▶ _DATA BELOW_
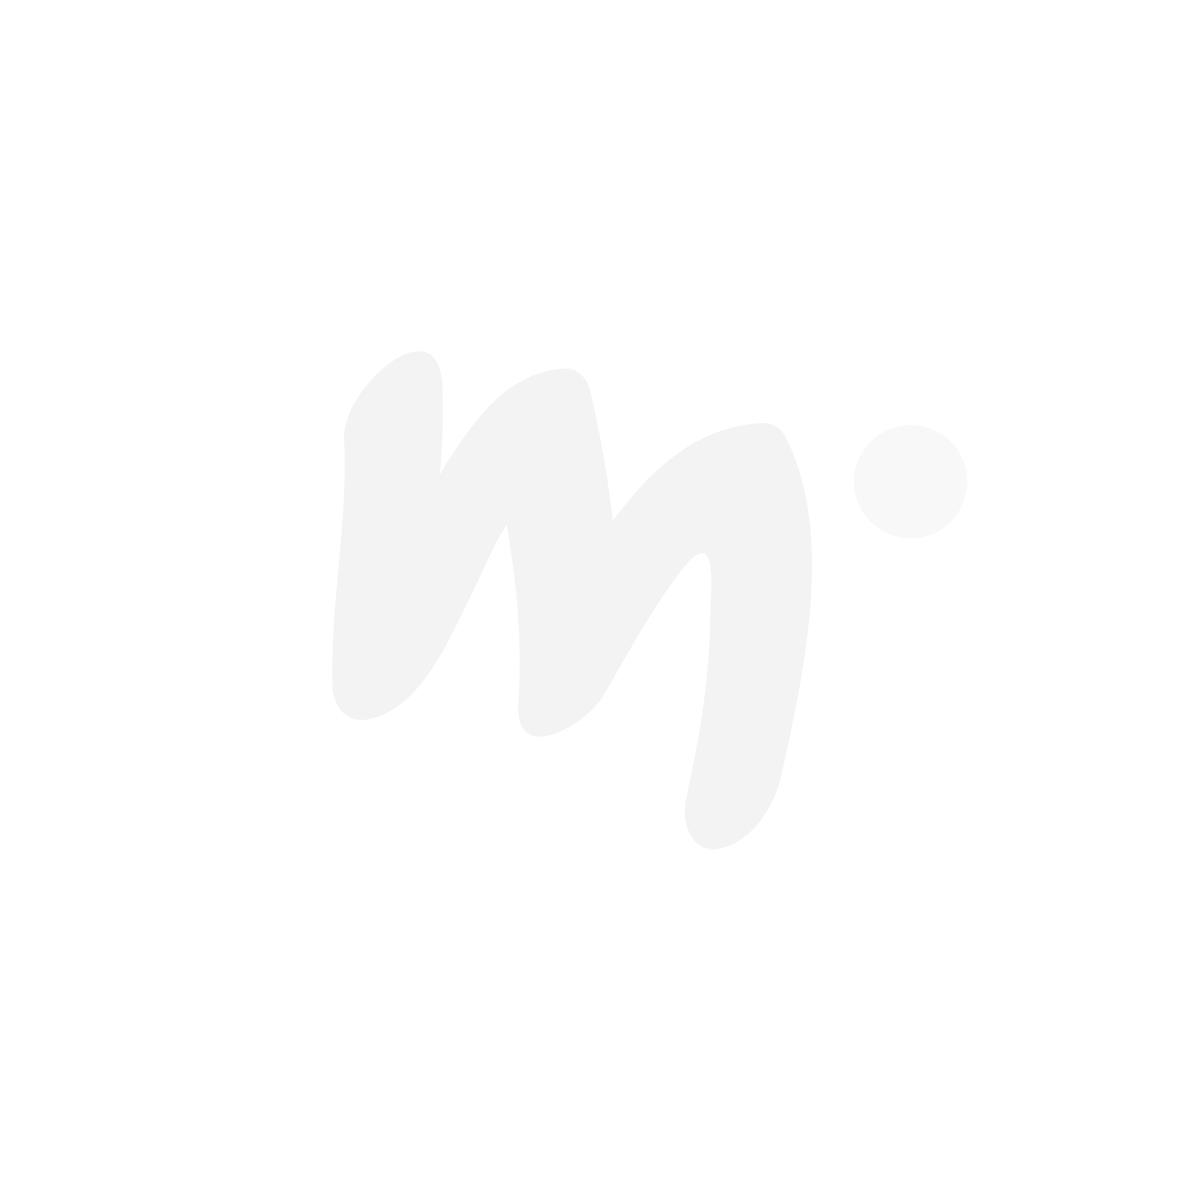 Moomin Snorkmaiden Swimsuit
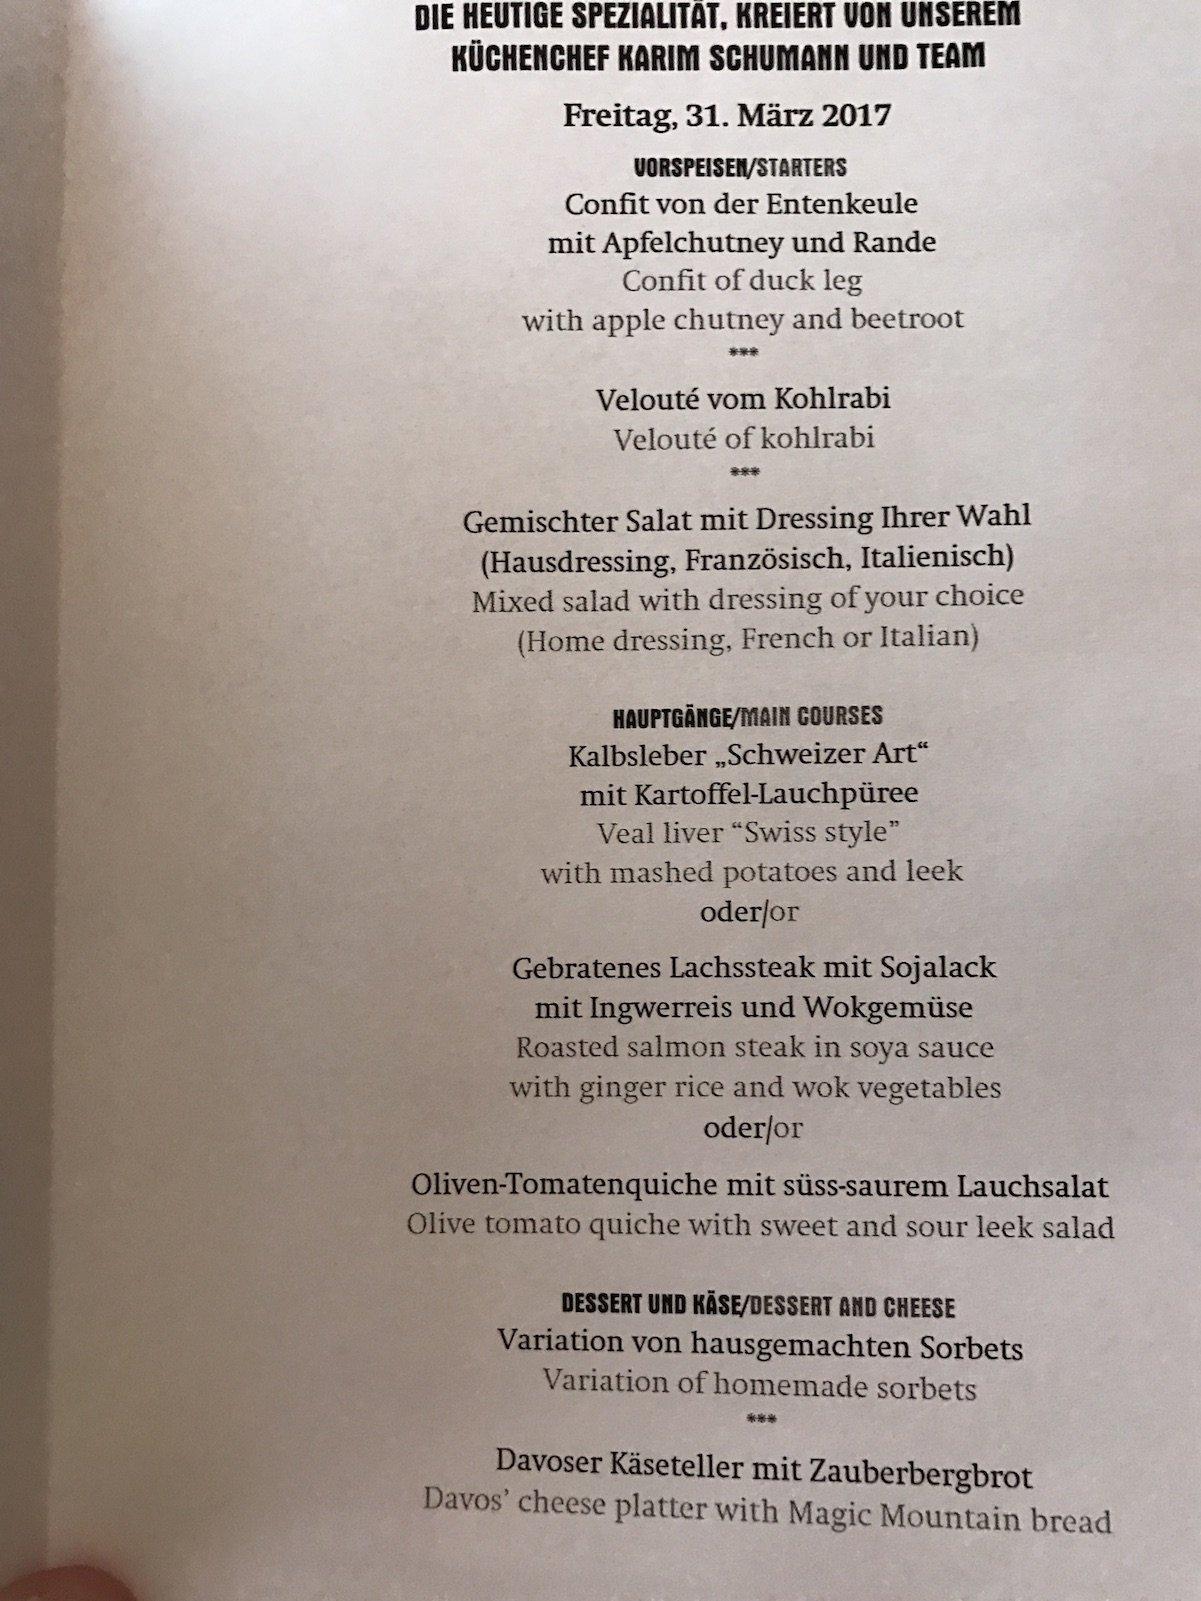 Menüauswahl am ersten Abend im Waldhotel Davos
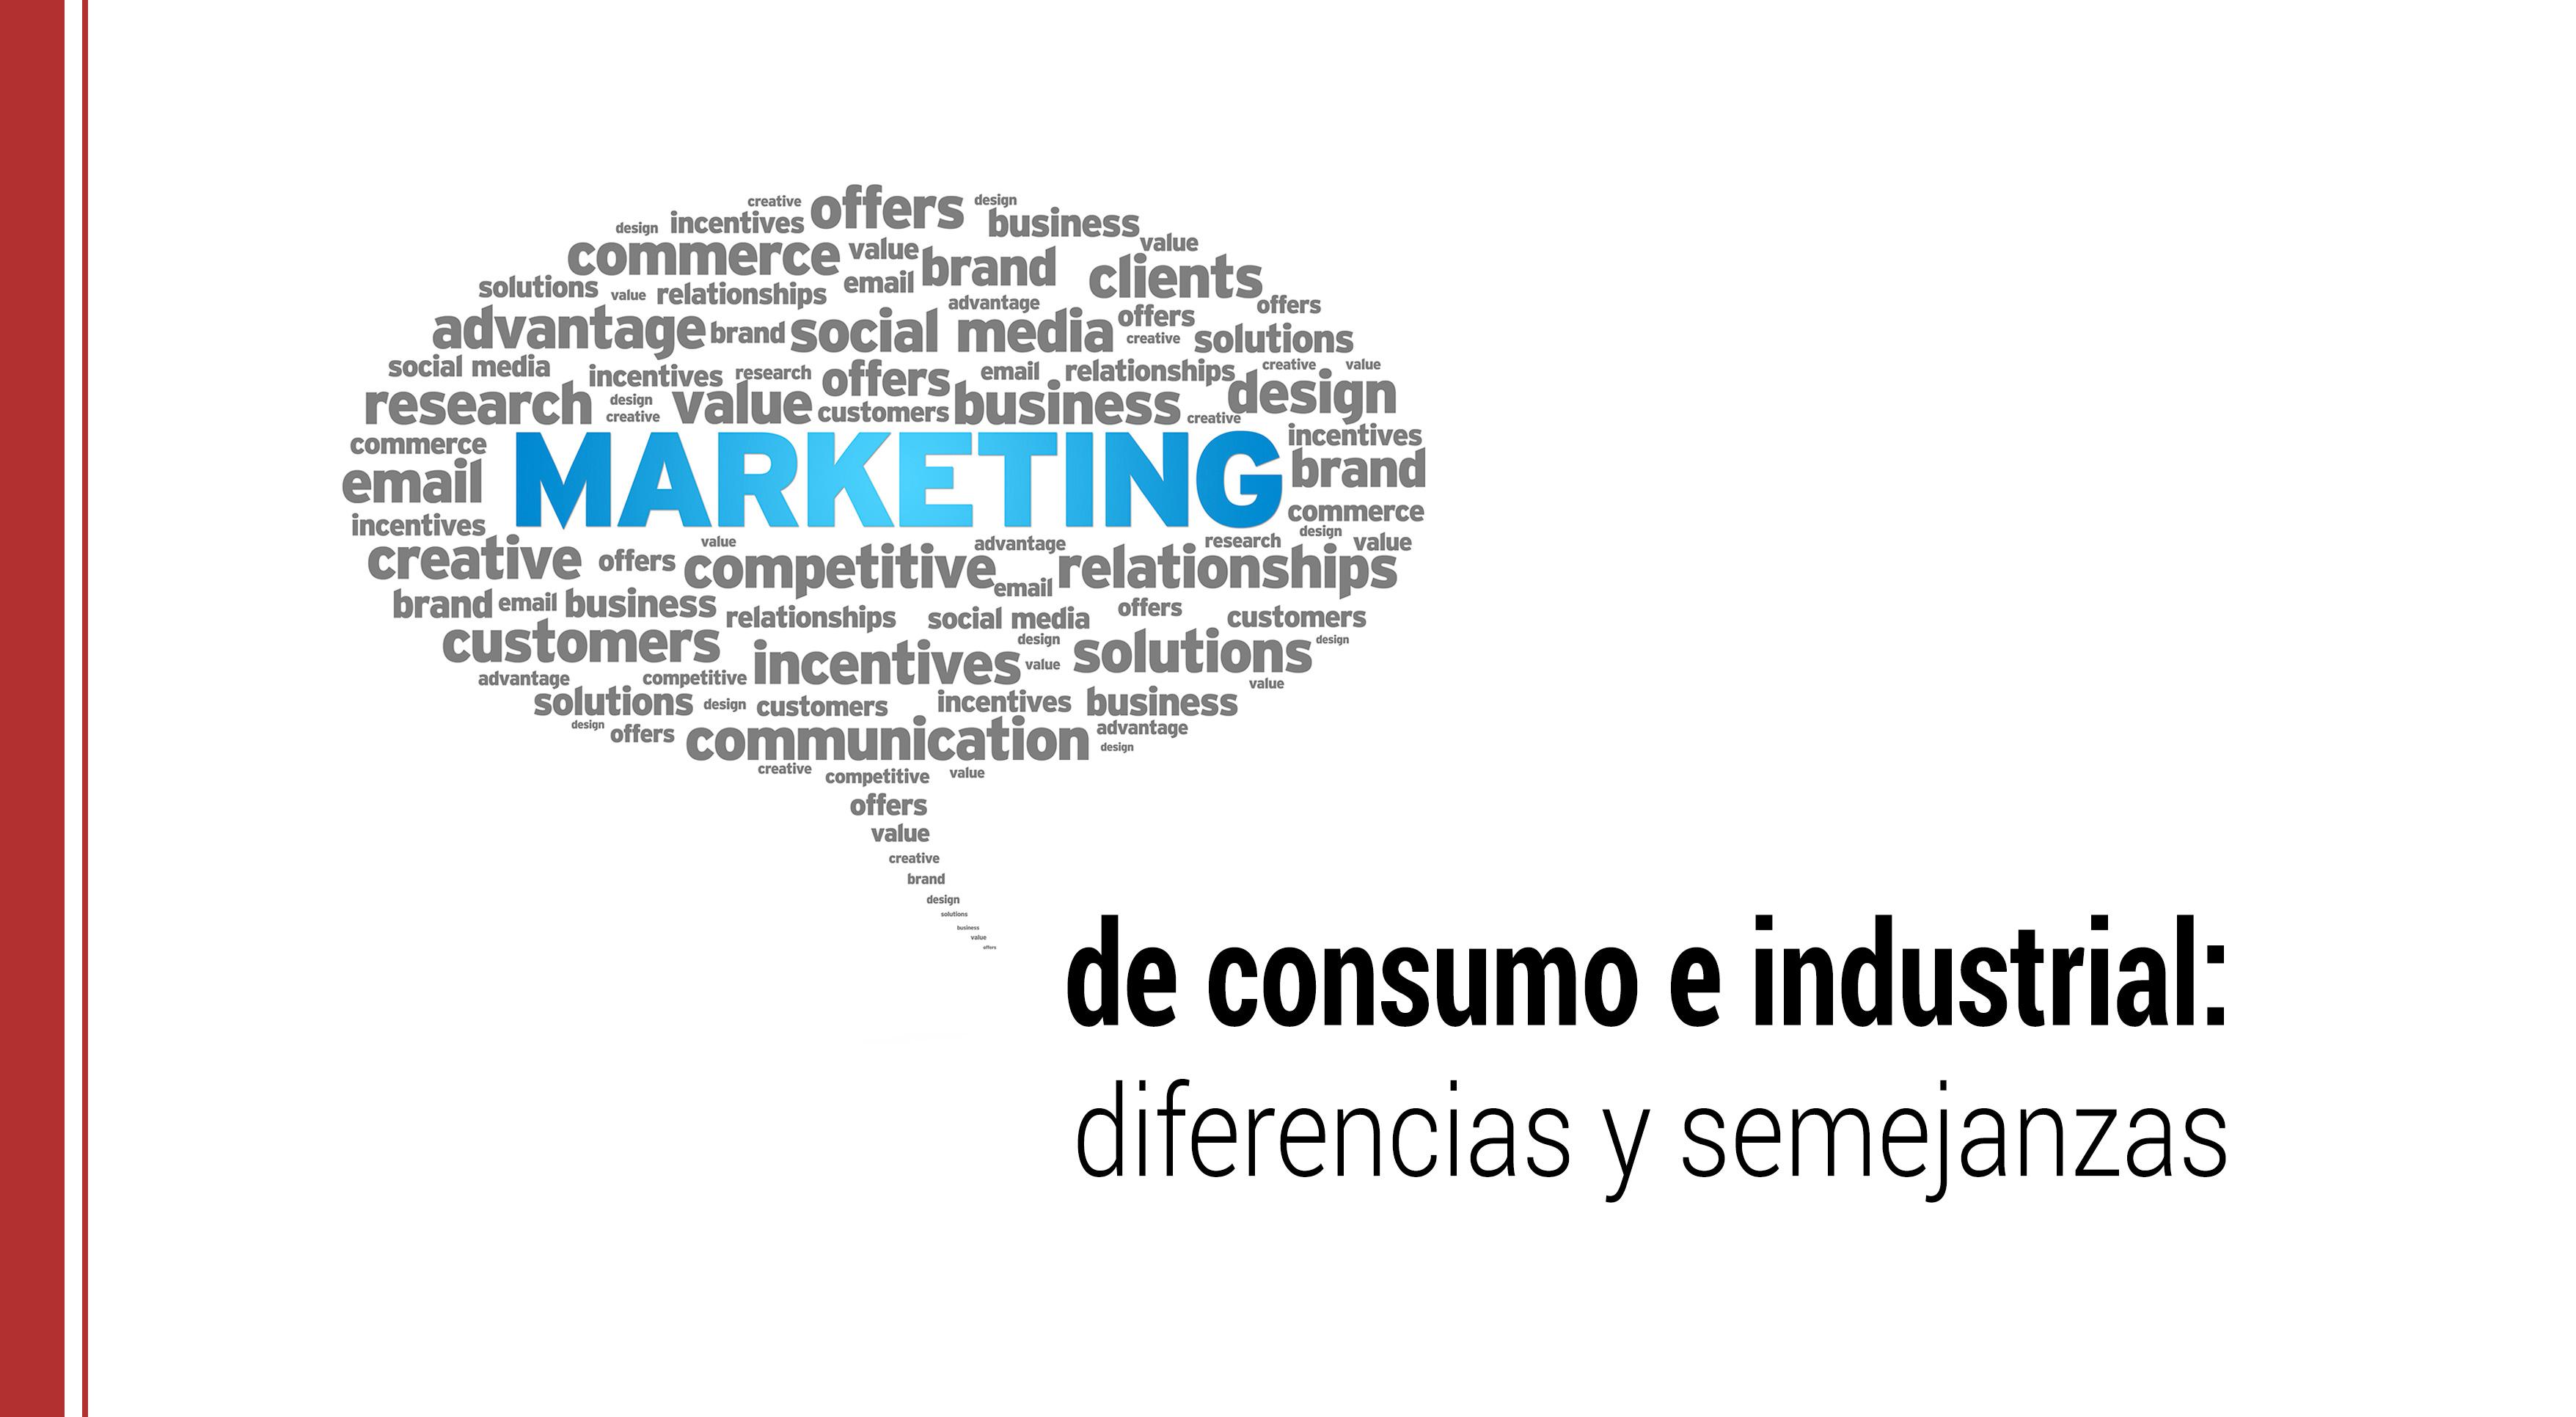 diferencias entre marketing de consumo e industrial

▶ _PROBLEM TO SOLVE_
Print the lines from the line with "Menüauswahl am ersten" to the end of the data above. Include both ends, exclude the pictures, and add nothing else.

▶ _RESULT OF THE EXERCISE_
 Menüauswahl am ersten Abend im Waldhotel Davos
 diferencias entre marketing de consumo e industrial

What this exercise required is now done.